- **Exercise details**
What is wanted is the full listing, word for word, without its pictures.

- **Raw data**

Segment Open

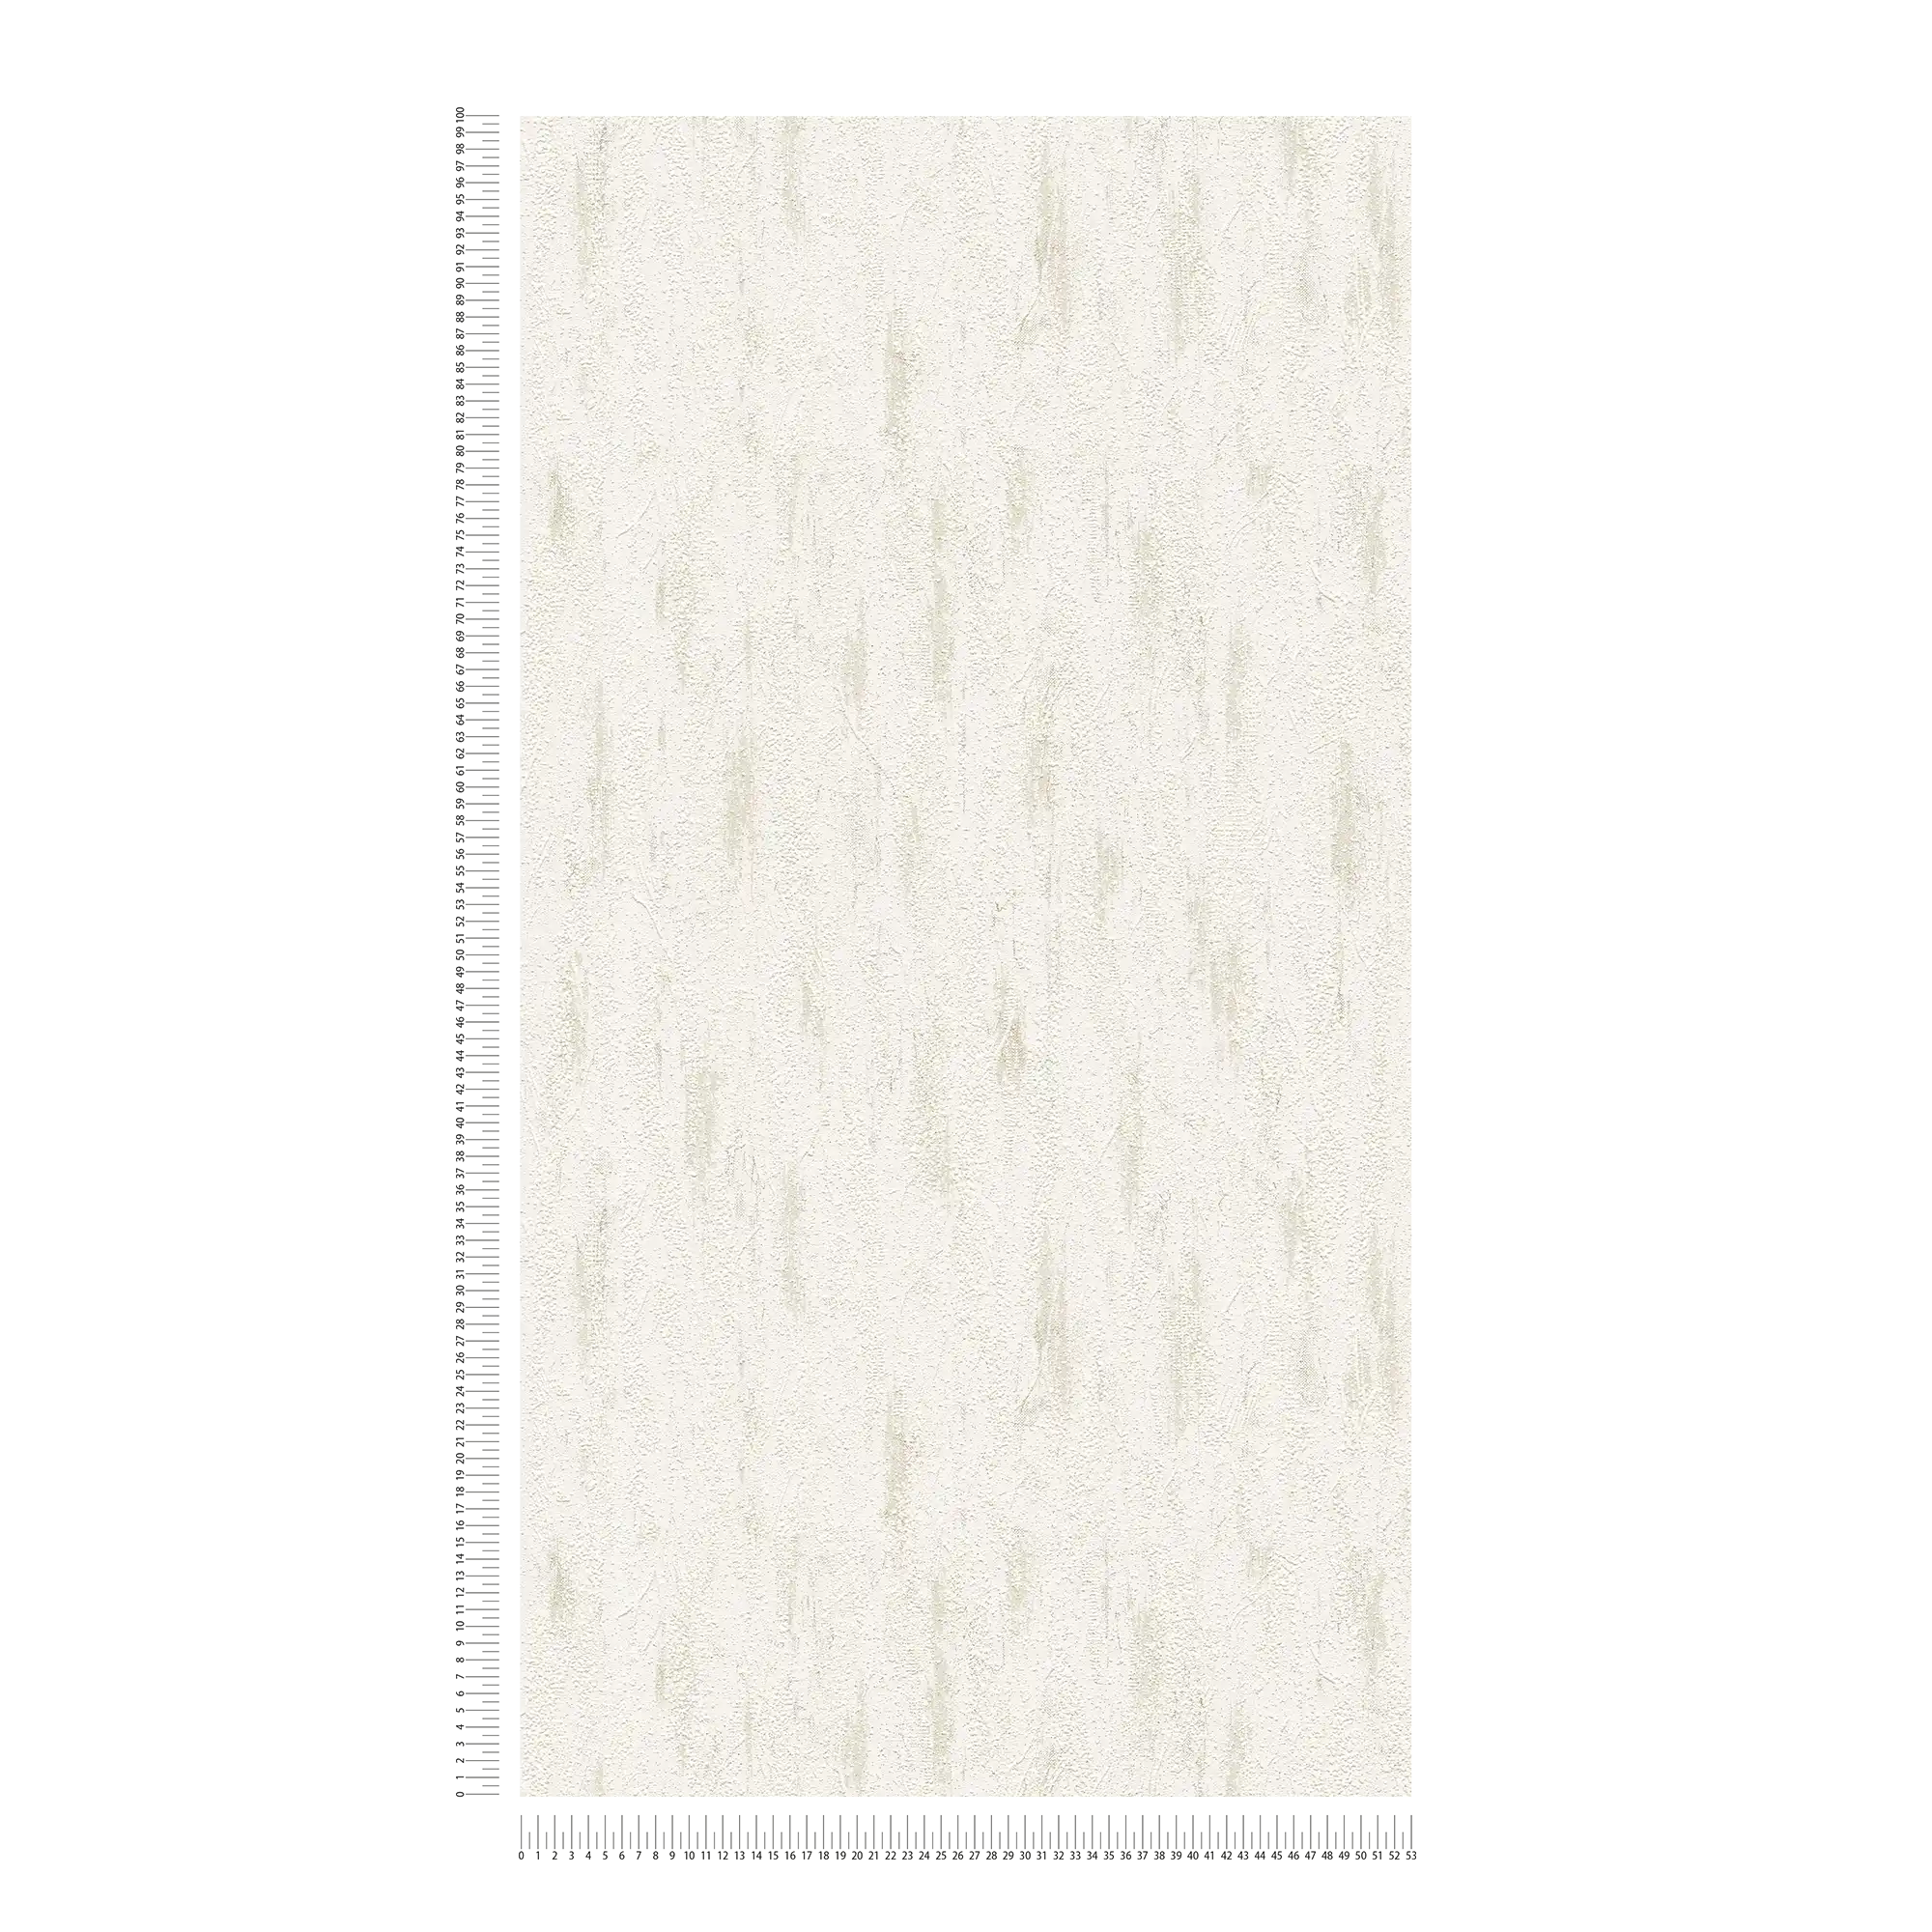             Gipsoptisch behang met structuurdecor & kleurschakeringen - grijs, crème
        
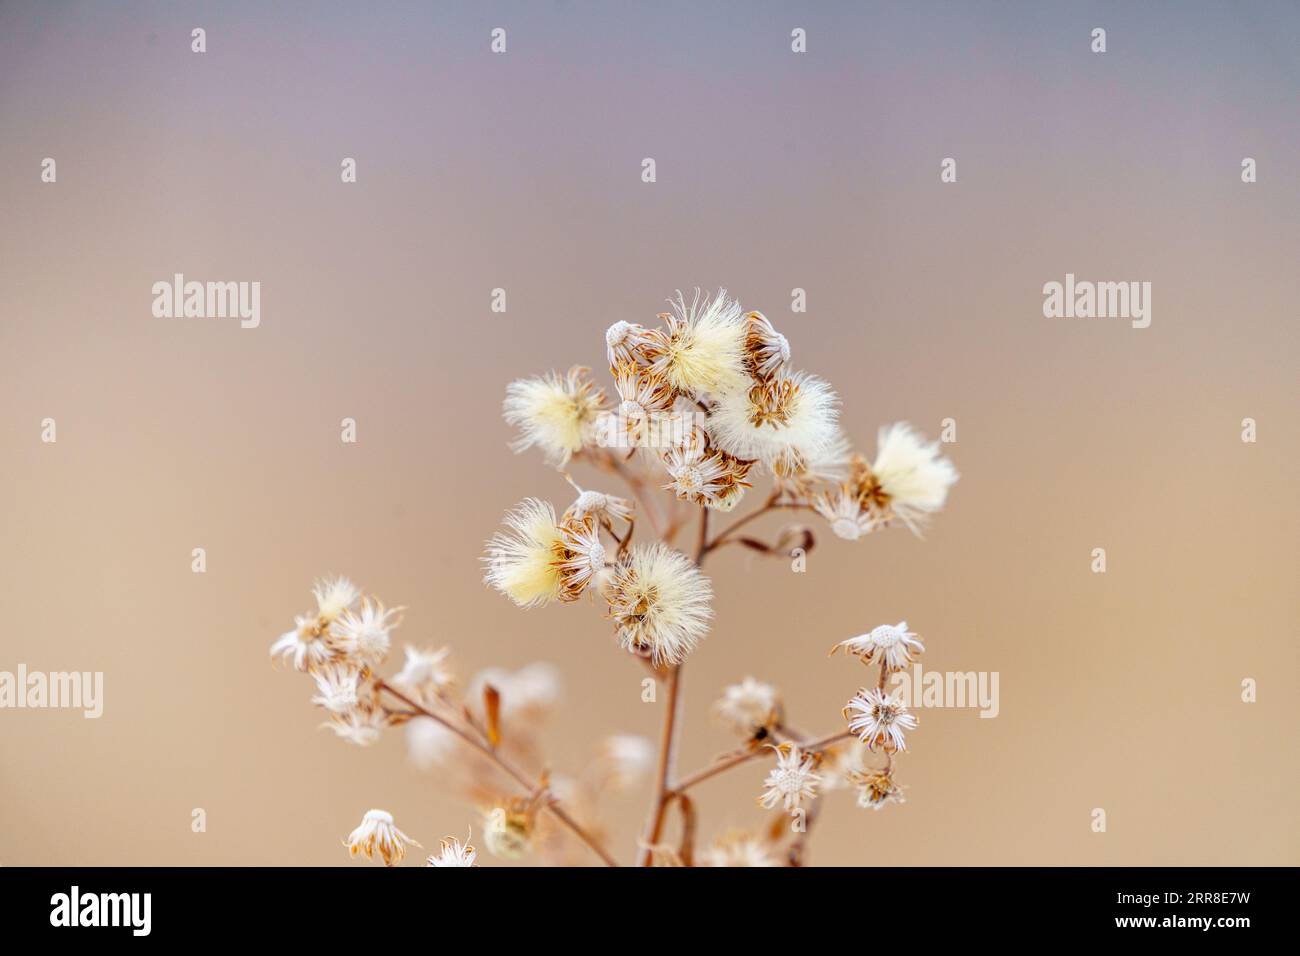 Un set di delicati fiori bianchi con petali cremosi è illuminato su uno sfondo morbido e sfocato creato da una giornata luminosa e soleggiata Foto Stock
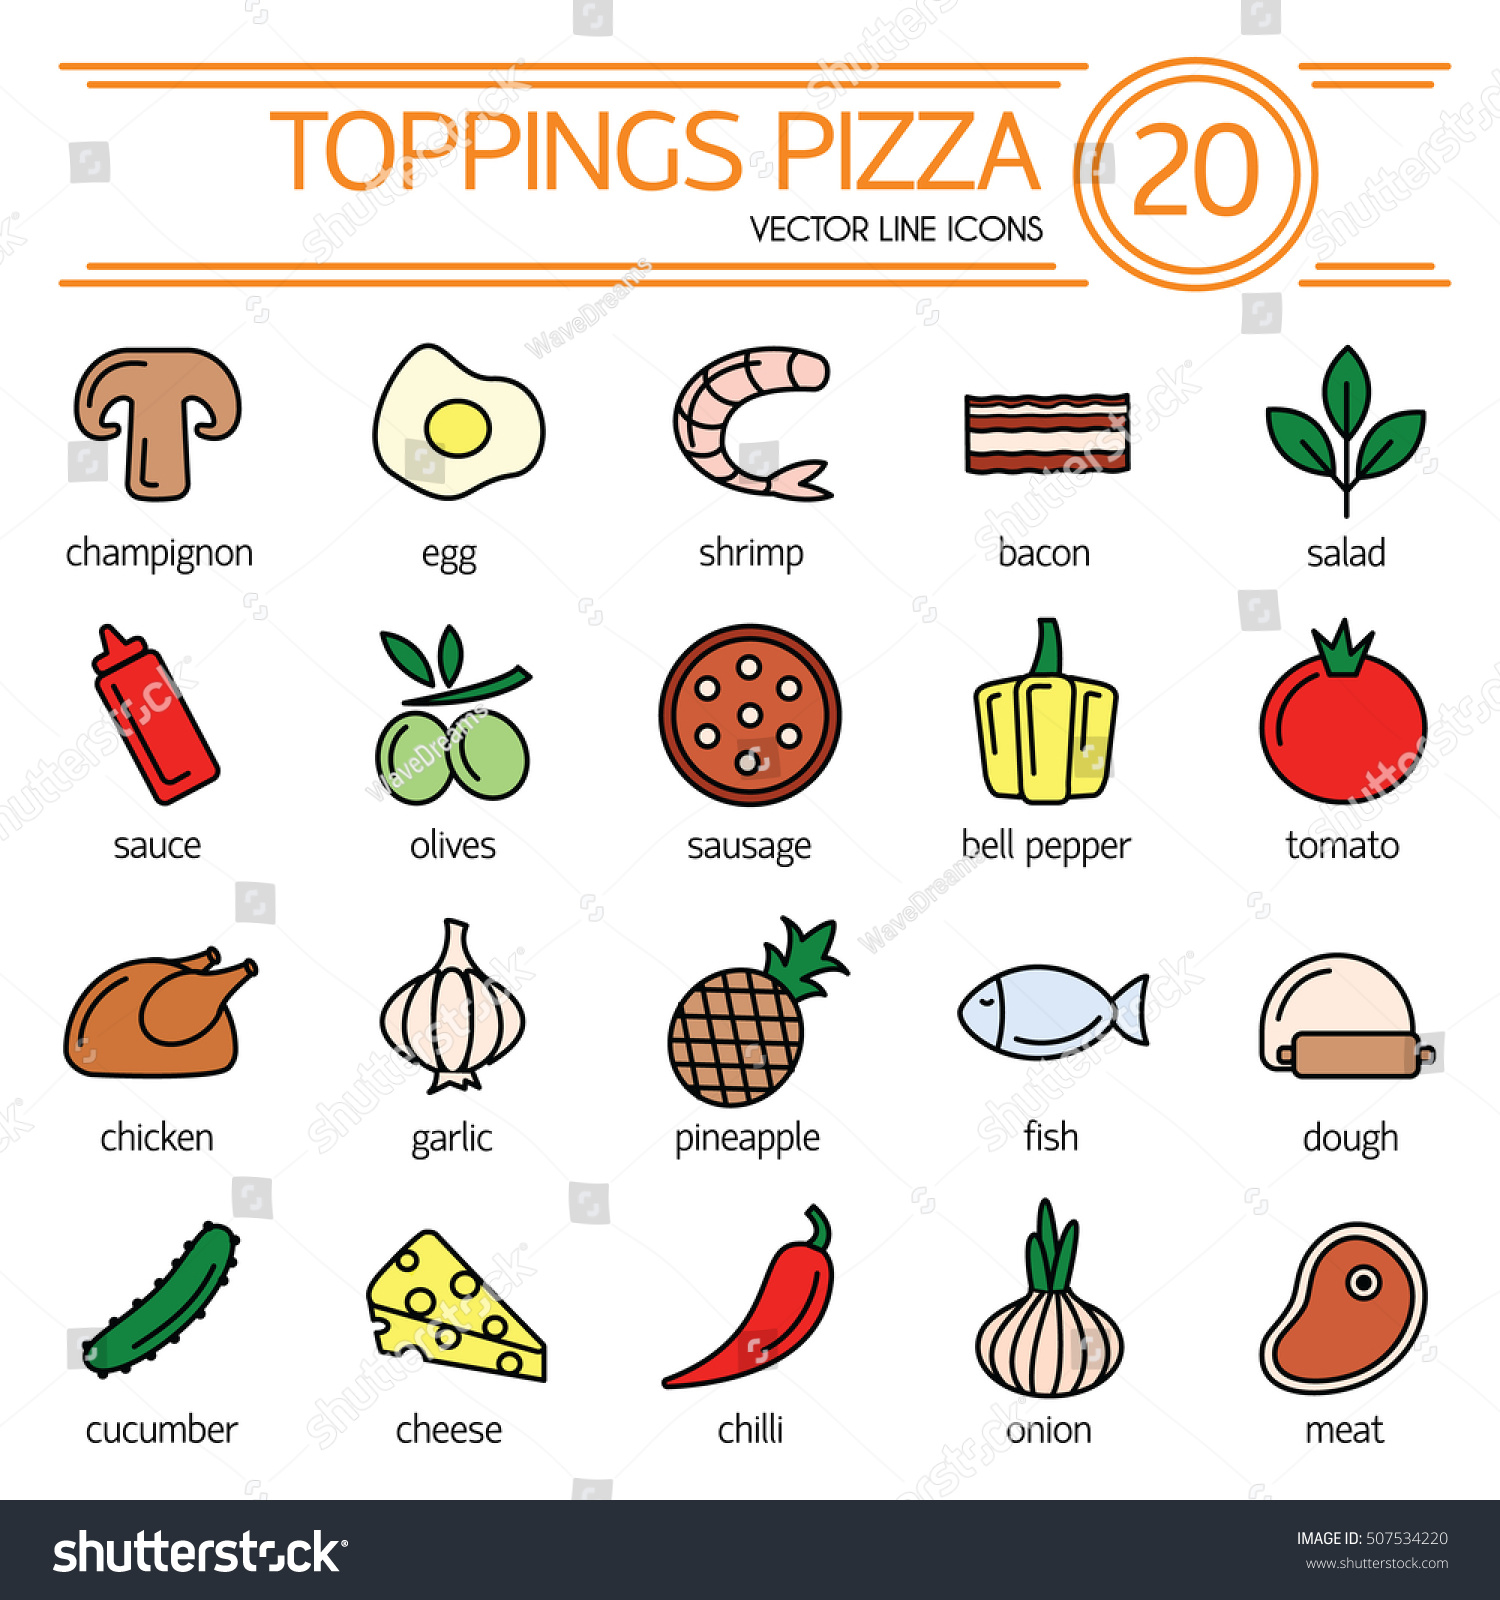 рецепты на английском пицца языке с переводом фото 20
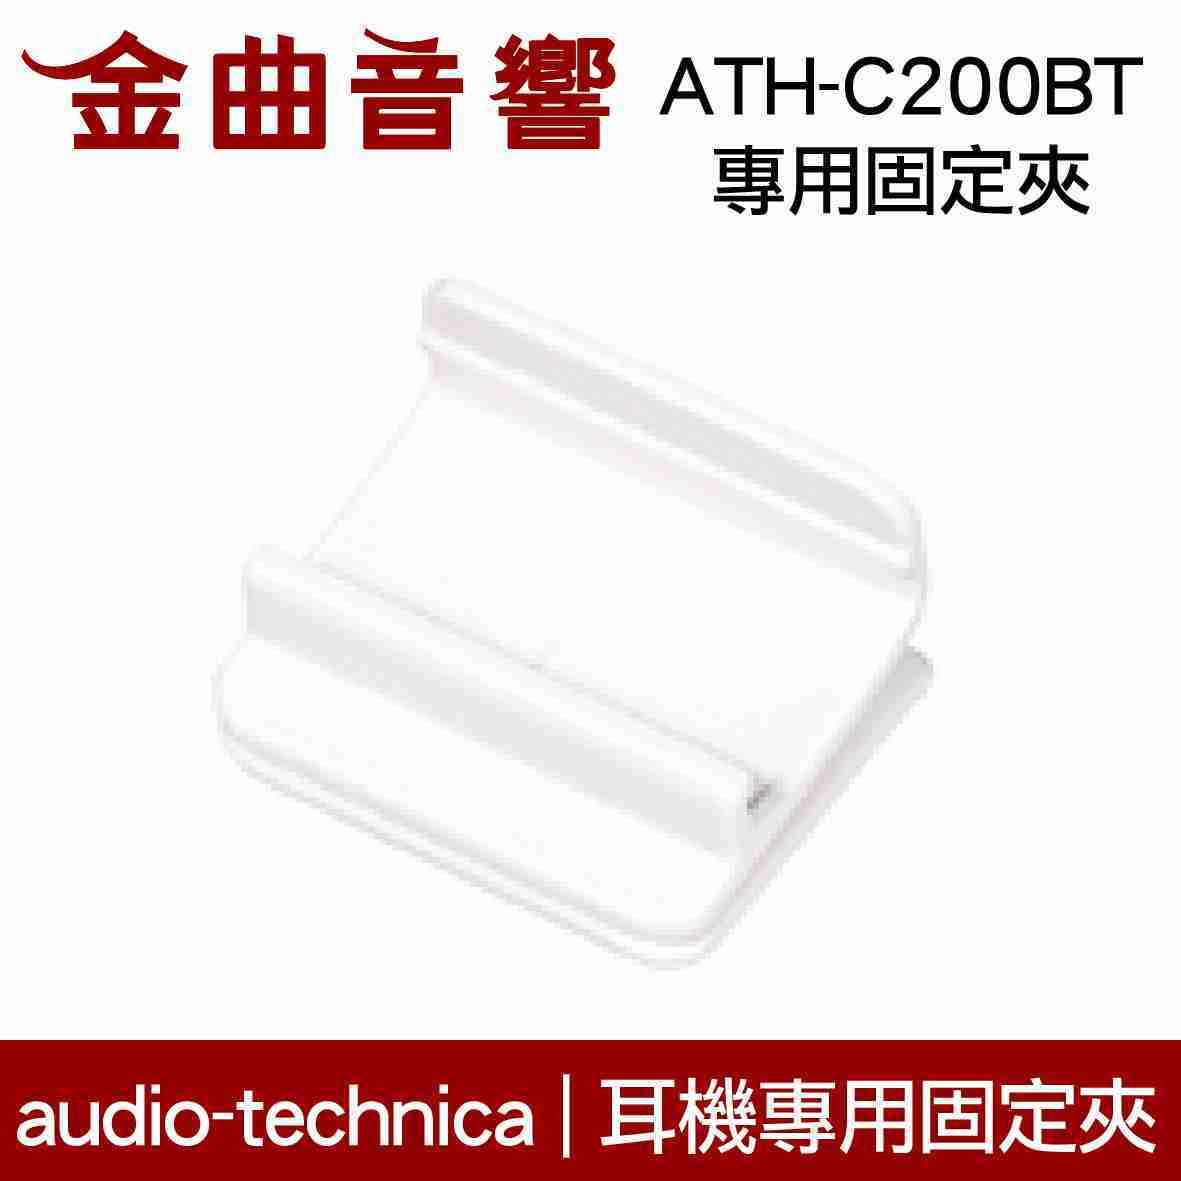 鐵三角 固定夾 適用 ATH-C200BT 耳機 專用夾 | 金曲音響

Segment Closed

- **Completed task**
             Gipsoptisch behang met structuurdecor & kleurschakeringen - grijs, crème
        
 Un set di delicati fiori bianchi con petali cremosi è illuminato su uno sfondo morbido e sfocato creato da una giornata luminosa e soleggiata Foto Stock
 рецепты на английском пицца языке с переводом фото 20
 鐵三角 固定夾 適用 ATH-C200BT 耳機 專用夾 | 金曲音響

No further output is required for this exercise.